Вечера оба они ждали с нетерпением, но их встреча первое время была окрашена какой-то грустной интонацией, хотя на большом столе, накрытом крахмальной сверкающей скатертью, стояло много хорошего вина и закусок. Лапин никак не мог привыкнуть, что та воздушная, поэтическая Верочка Стрешнева, восторгавшаяся лохматыми, длинноволосыми модернистами, что не мешало ей любить древних греческих трагиков и связывать их с «заревом революции», та самая, в которую они с Чубаревым были без памяти влюблены, превратилась в полную, пусть хорошо для своих лет сохранившуюся, но все равно уже стареющую даму, при всяком затруднении в разговоре тотчас начинавшую вспоминать внучат. Лапин, некоторое время пытавшийся заставить ее раскрыться, долго ходил вокруг да около, охал да ахал, но Вера Дмитриевна лишь понимающе улыбалась смеющимися, молодо блестевшими глазами и просила его не волноваться. Ему стало грустно: поэтический образ легкой, стремительной, дерзкой девушки, который хранился со времен юности, померк. Чубарев, наблюдавший за ним, засмеялся.

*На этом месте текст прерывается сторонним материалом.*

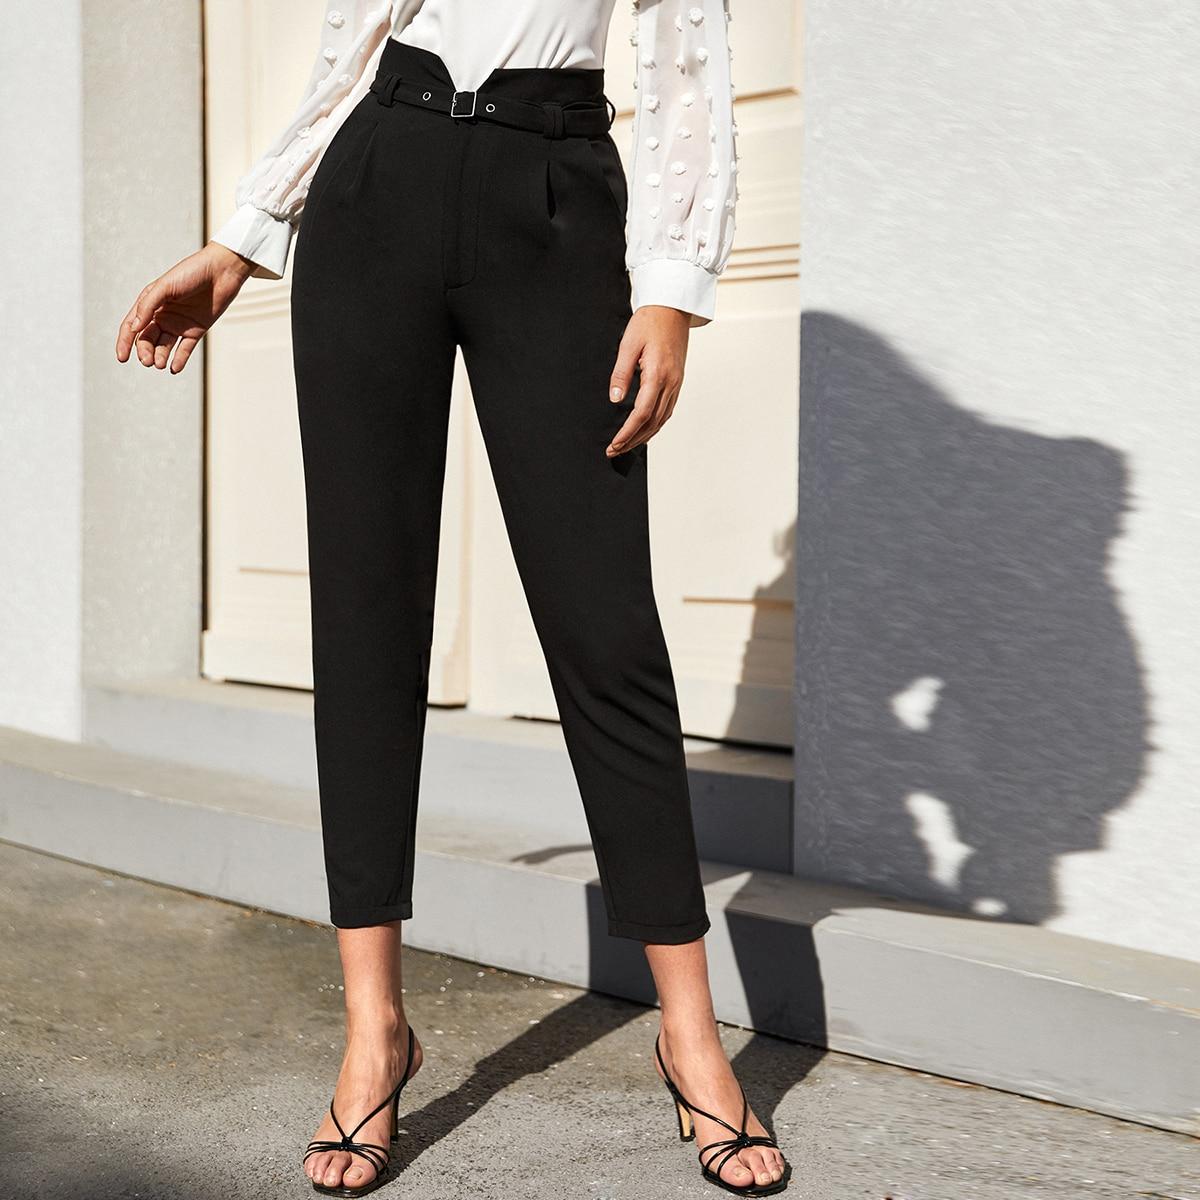 SHEIN / Pantalones cortos con cinturón de cintura alta unicolor

– Ростя, слушай, оставь ты свои муки, – шумно запротестовал он. – Со временем не поспоришь, время, брат, необратимо.

– Да, но почему необратимо? Для кого необратимо?

Взяв рюмки с коньяком и помедлив, они, не опуская глаз, молча выпили; Вера Дмитриевна, устроившись в удобном кресле, с ласковой снисходительностью глядела на них; ей сейчас было хорошо и покойно, она радовалась новому назначению мужа, потому что так и не смогла привыкнуть к суровому климату Урала, хотя с людьми, окружавшими ее и населявшими маленький уральский городок, живший исключительно интересами завода, она сроднилась; была в них надежность и какая-то особая прочность и жизнелюбие. А сейчас ей действительно ни о чем не хотелось думать, не хотелось насиловать себя, было приятно посидеть и отдохнуть, порадоваться спокойному вечеру и встрече с Ростей Лапиным. Помнится, он был высоким, несколько нервным юношей и грозился, если память ей не изменяет, даже застрелиться, если она предпочтет другого…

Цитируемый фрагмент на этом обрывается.